Terms & Conditions of Service

Last Updated: October 19, 2025

These Terms and Conditions govern all services provided by Indomitech Group. Please read them carefully before engaging our services.

Legal Disclaimer

This document is provided for informational purposes only. Indomitech Group recommends consulting with qualified legal counsel in Kolkata, India, to ensure compliance with all applicable laws including the Information Technology Act, 2000.

1. Introduction and Acceptance

These Terms and Conditions (T&Cs) govern all Services provided by Indomitech Group, a company based in Kolkata, India, (hereinafter referred to as the "Developer") to the Client (hereinafter referred to as the "Client"). By accepting a Statement of Work (SOW), signing a service agreement, or using any services provided by the Developer, the Client agrees to be bound by these T&Cs.

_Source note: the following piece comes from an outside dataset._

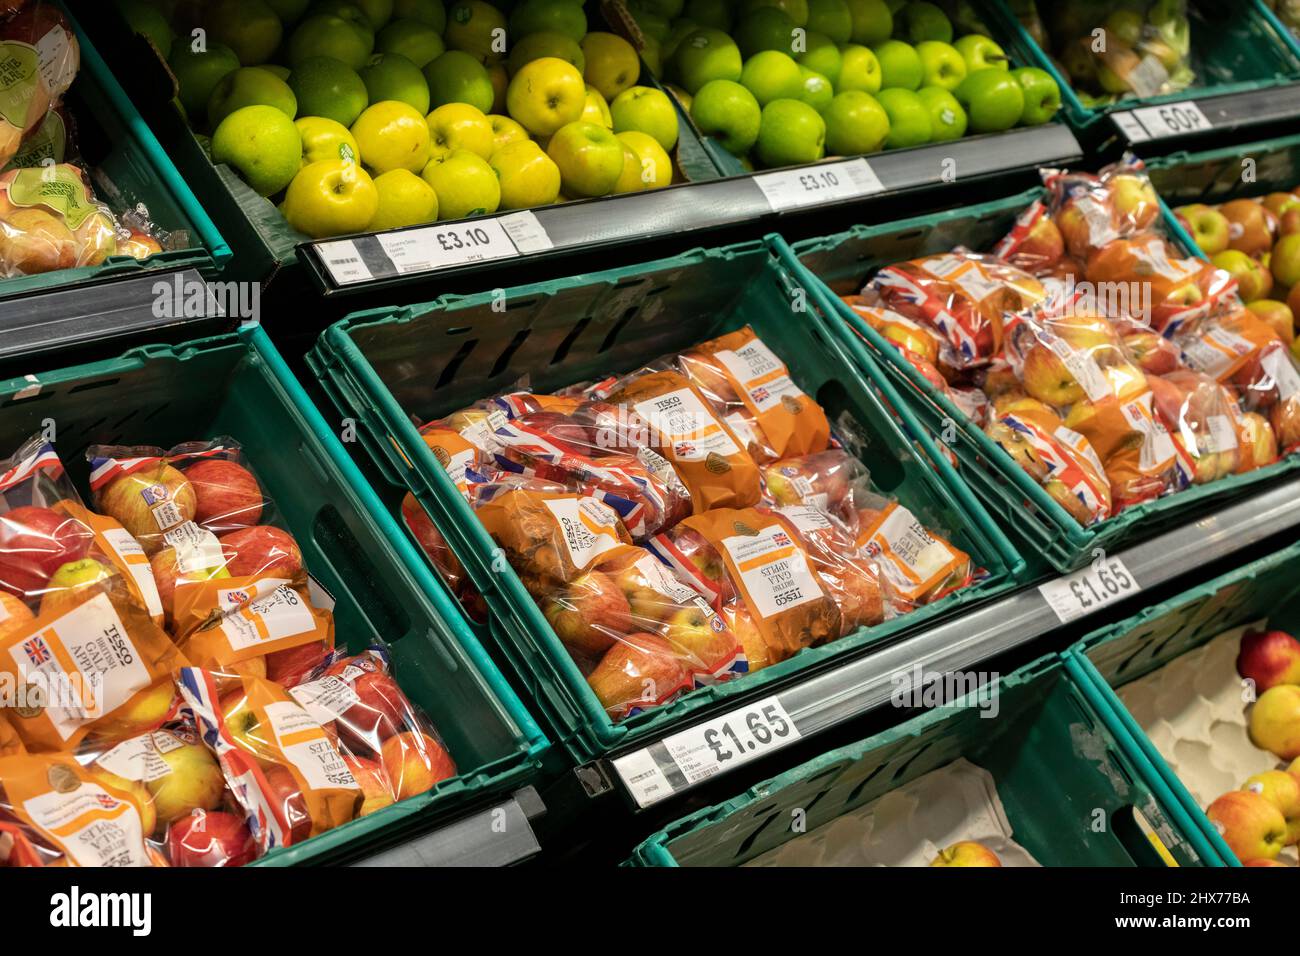 Prices of apples as seen on the shelves of a Tesco supermarket.   Food prices, among other living costs, are said to spike in months coming up followi Stock Photo

2. Scope of Work (SOW) and Change Requests

2.1. Statement of Work

All services, deliverables, milestones, schedules, and pricing shall be explicitly defined and mutually agreed upon in a written SOW. The SOW will be deemed part of these T&Cs.

2.2. Change Management

Any changes to the agreed-upon scope, specifications, or timelines in the SOW must be submitted by the Client as a formal Change Request (CR). All CRs must be agreed upon in writing by both parties, and may result in adjustments to the development cost, schedule, and payment milestones.

3. Payment Terms and Fees

3.1. Fees

The Client agrees to pay the fees specified in the SOW, which may be a fixed fee, a time and materials (hourly) rate, or a milestone-based payment structure.

3.2. Payment Schedule

Invoices will be issued according to the payment schedule in the SOW and are due within [e.g., 7, 15, or 30] days of the invoice date.

3.3. Late Payments

Failure to make payments on time constitutes a material breach of these T&Cs. The Developer reserves the right to charge interest at a rate of 1.5% per month (or the maximum rate permitted by law, whichever is lower) on all overdue amounts. The Developer may also suspend all work, including but not limited to development, hosting, and support, until all overdue amounts are paid in full.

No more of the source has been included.